どちらかの親が小言を控えるだけでも、子どもはかなりリラックスできます。それよりも、この質問には別の意味があると長年の面接を通して私は感じています。
「相手を変えようとすること」への依存
今まで、子どもにいろいろと指示をしてきたのをやめると、今度は、パートナーの行動に不満が出てくる。こういう気持ちになる背景には、小言を言うこと、つまり「相手の行動を自分の思う通りに変えようとすること」への依存症のようなものがあると思います。あら探しの視点はずっとやり続けてきたので発達しているけれど、相手のことをとりあえず受け入れる力や、適当に受け流す力は育っていない、とも言えます。
そこで、パートナーに「小言を言わないで」と言いたくなったら、「自分はまた相手を変えようとしているんだ」と意識するようにしてみましょう。
これには他の理由もあります。

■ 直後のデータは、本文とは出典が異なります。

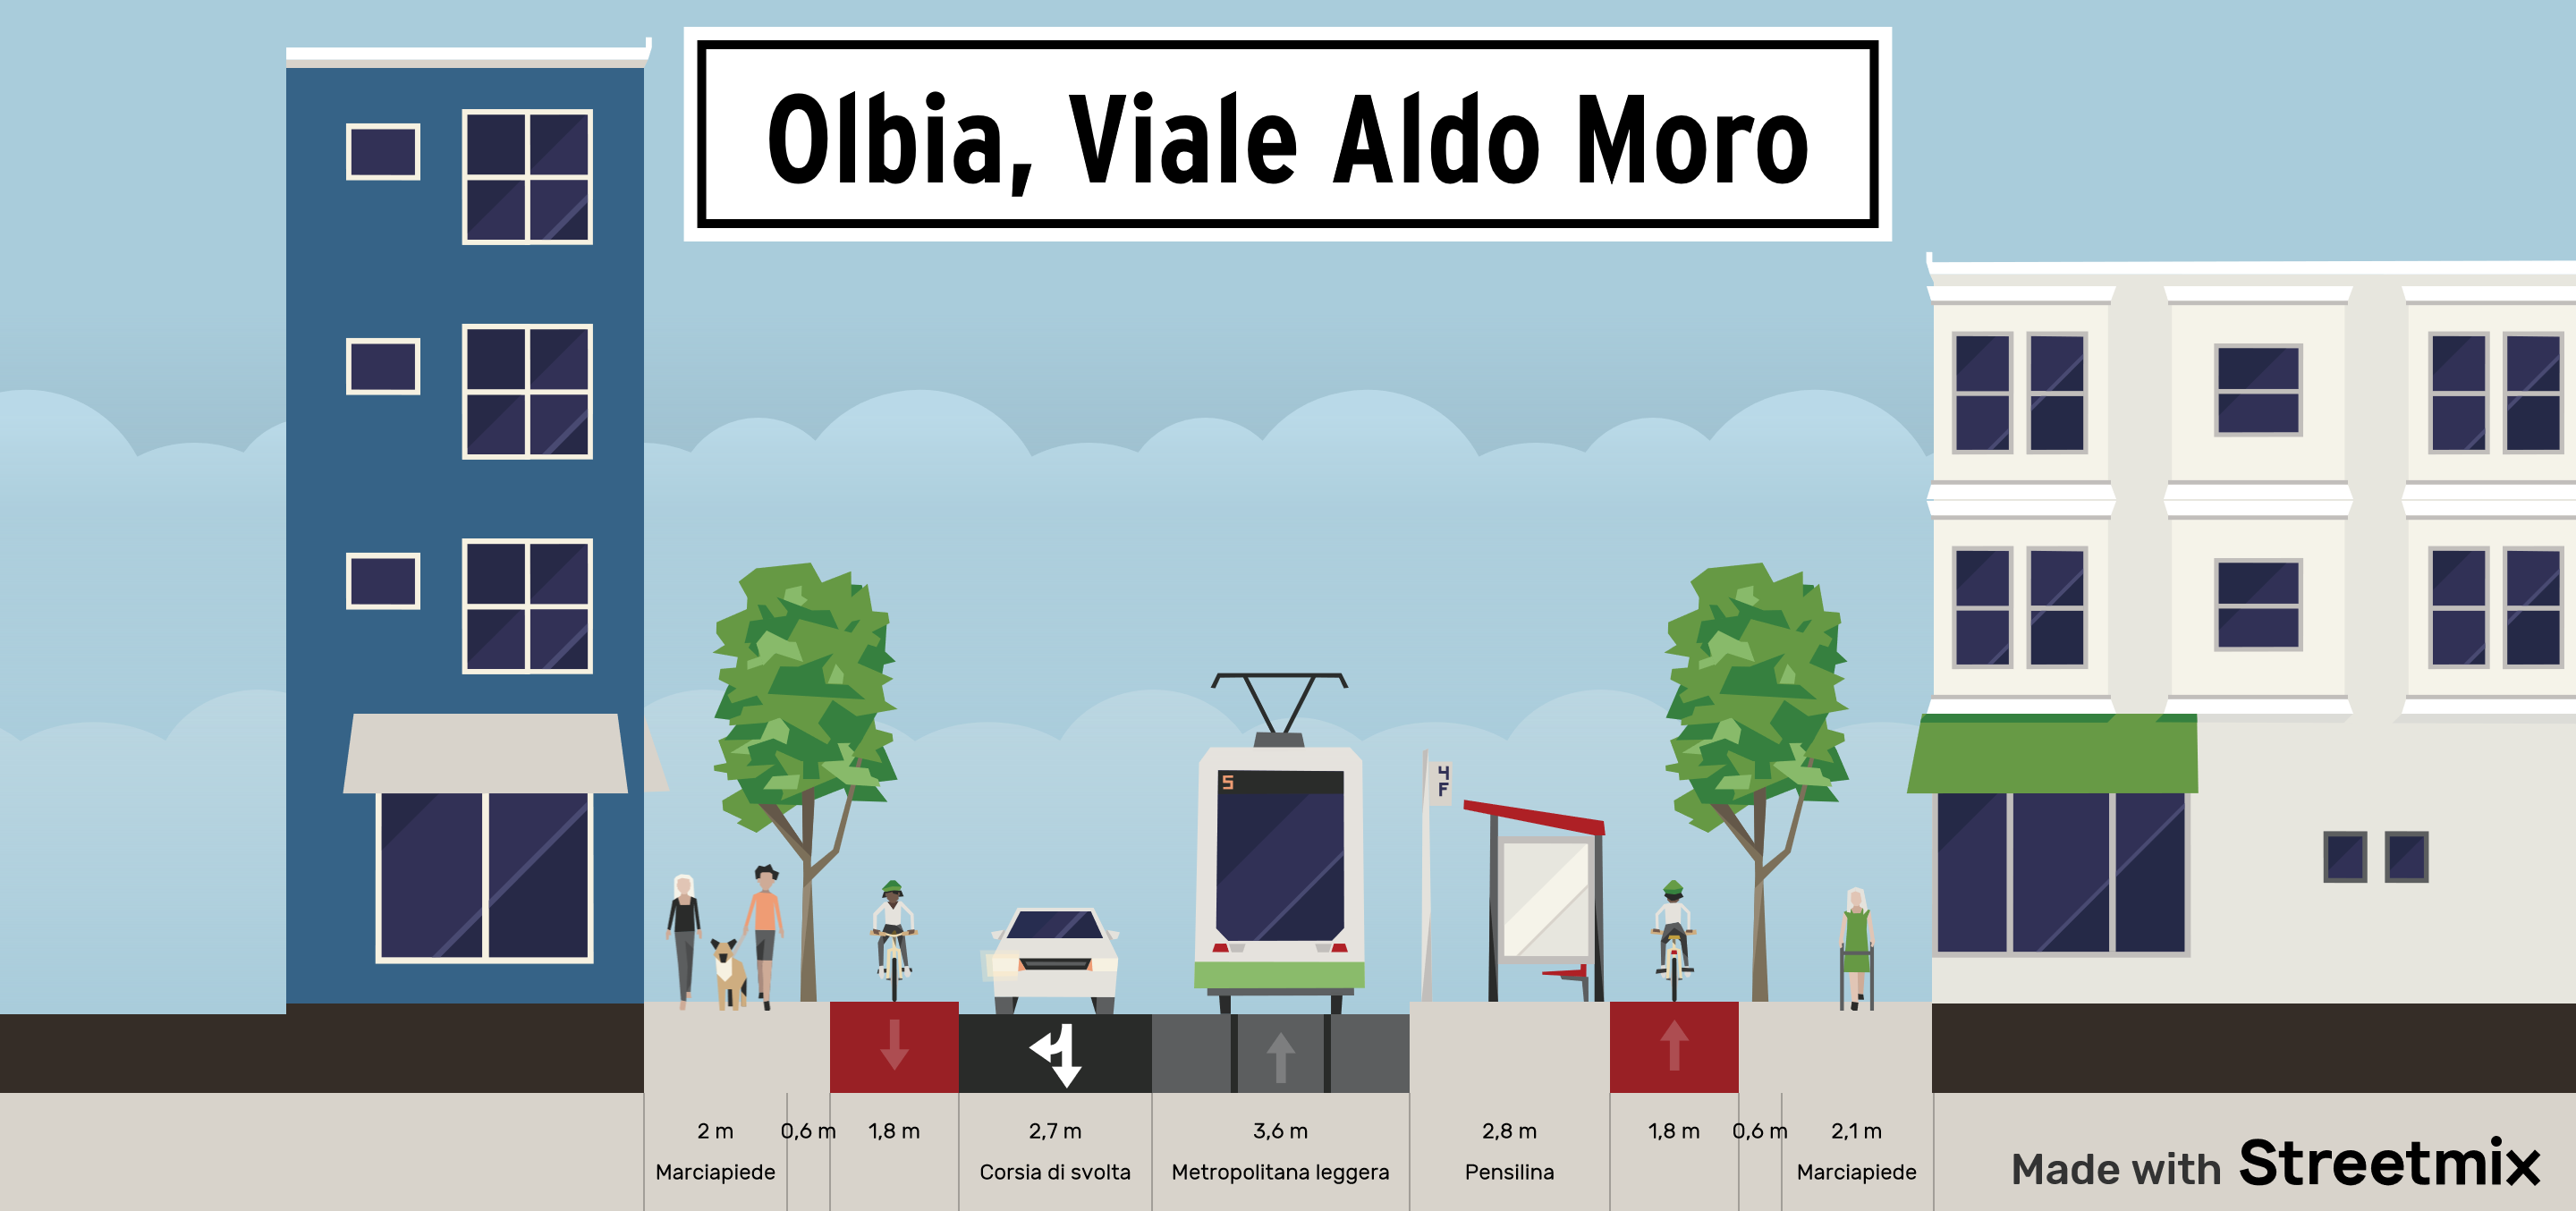 Covid-19 Olbia, Viale Aldo Moro: ecco la strada del futuro

相手を変えることは簡単にはできませんが、自分を変えるのは自分がそう思いさえすれば、たった今からでも可能です。
相手ではなく自分を変える
しかし、これは一部の人にはとても難しいことのようです。「子どもが間違っているから、親として正しいことを教えようとしているのに、なんでそれを辛抱しなければならないのか?」、「自分が辛抱しても、夫が(妻が)それを台無しにしている。自分だけが努力しても無駄じゃないか」。このような不満が必ずのようにでてきます。相手を変える方法を相談しに来ているのであって、自分を変えたいのではない、というわけです。

私は、今までそういうやりかたでやってきて、うまくいかないから専門家に相談にこきたのだから、勇気を出してやってみませんか、と提案します。
子どもやパートナーのしていることの、どこが間違っているか、それをどうやったら正しく直せるのか。そういうことに囚われてしまっている自分の心を意識するのです。1年もやる必要はありません。一ヶ月ぐらい、いや一週間でも本気でやってみる。それで十分効果は得られます。小言を言わずにいられる力はそれで十分育ちます。それだけではありません。子どもの、もしくはパートナーの意外なところ、やさしさやかしこさ、たくましさ(生きる力)などを、あらためて発見するはずです。それは、これまでのあら探しの視点では見えなかったものです。
多くの人は、自分が親から言われた小言を、そして親のあら探しの視点を、知らぬ間に受けついでしまっています。そして、今度は子どもにそれをそのまま渡そうとしています。その悪循環から離脱することは、自分自身の力で親の悪影響を乗り越えるという達成、解放感もたらします。